Step out of your room and take a spin around your garden if you’re lucky enough to have one. I actually don’t have a proper garden, meaning areas with soil where roots can stretch down deeply.
But what we did was line our driveways with so many potted plants and our walls with clinging vines and creeping greens so that what is just a driveway looks lush and jungle-like.
We planted an avocado seed outside the house, allowed an is-is and a eugenia to grow unchecked beside it. Now all three are trees that shade our home, host feathered friends that fill our mornings with birdsong and provide yummy fruit.
What if your place is too small for a garden? Try an exotic plant.
We went to visit the latest art exhibit at Super Duper on 11th Jamboree and discovered that artist co-founder Alfred Tababa, who makes paintings of porcelain with exquisite details, grows equally exquisite pitcher plants. These come with the pitchers in varying sizes and shapes, all gorgeous and reasonably priced.
We bought one for ourselves and another for the wife of a cousin, who definitely has a green thumb. If Alfred is around he will explain to you how to care for these, which he grows exposed to the elements to make them more hardy. Good news! It’s been weeks and ours is still alive.
If there’s one attitude and habit I formed last year that my family is grateful for, it’s this: the more stressed we find ourselves, the healthier we must eat, and when we start to feel sick, the fresher, greener, and leafier the food must be.

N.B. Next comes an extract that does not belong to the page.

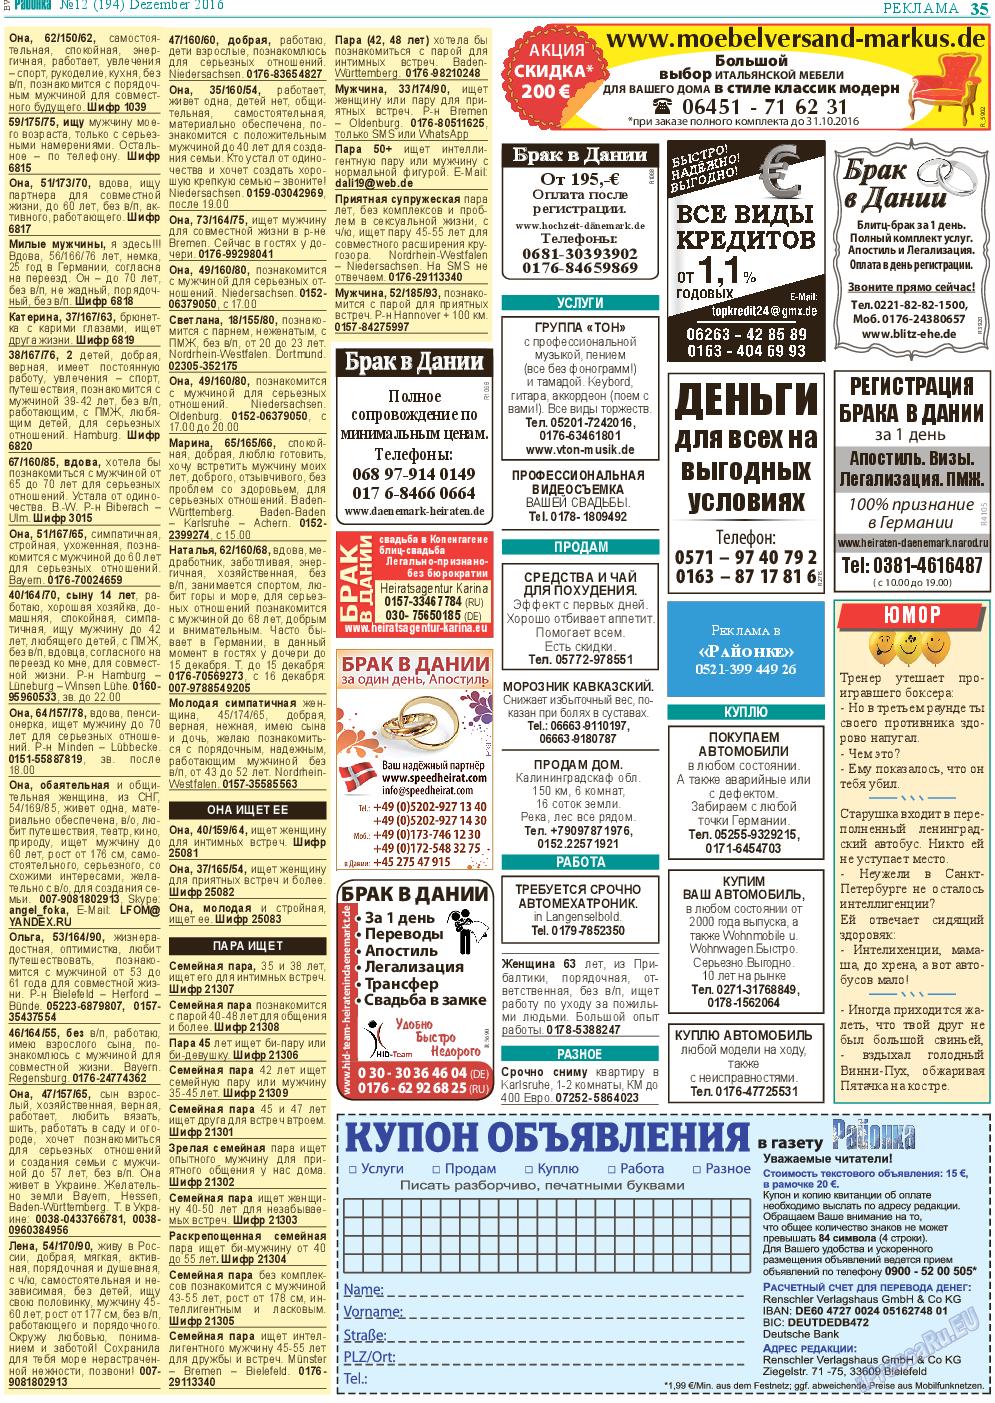 Районка-West (газета). 2016 год, номер 12, стр. 35

When we were at Haight’s Place, one of the two flower farms in Atok that is open to the public, I spied one of their farmers with a load of newly harvested radishes. Abandoning my two daughters to carry on their picture-taking among the beautiful flower beds, I walked to the vegetable fields and the farmer harvested what we call Baguio petchay in front of me. I was invited to gather the carrot “rejects,” meaning imperfectly shaped, in the field next to it. I paid P20 per kilo for seven kilos of cabbage, two kilos of radish and nothing for the deformed, perfectly delicious carrots.
On the way back to Manila we stopped by a roadside stall right before the entrance to the TPLEX. There I bought a sack of newly harvested corn, humongous ube, mangoes, tomatoes, sibuyas Tagalog and ginger, all for the princely sum of P500.
Back home I wasted no time preparing these and Baguio veggies for dinner.
To make this beet and orange salad, cut off the stem end from beets but don’t peel them. Set them on a baking tray, sprinkle with salt and drizzle with olive oil. Roast at 400F for about 30 minutes until tender. This will depend on the size of the beets and their freshness. Peel and slice the beets and combine with sliced Sagada oranges (or use other sweet oranges). For the dressing whisk together 1 tbsp. raspberry (or other vinegar), 3 tbsps. oil, 1 tbsp. honey and salt and pepper. Drizzle over the beets and oranges and sprinkle with crumbled kesong puti (or use goat cheese) and walnuts.
Combine freshly cooked corn, onions, tomatoes and basil. Dress with just olive oil, salt and pepper. I also made a salad of julienned Baguio petchay, carrots and radish dressed with sesame oil, Kikkoman and a little brown sugar for balance.
To make a roasted vegetable salad, cut broccoli, cauliflower and carrots into bite-size pieces. Drizzle with olive oil and sprinkle with salt and pepper. Roast at 400F until they caramelize, turning them halfway through the cooking time. Top with crumbled kesong puti.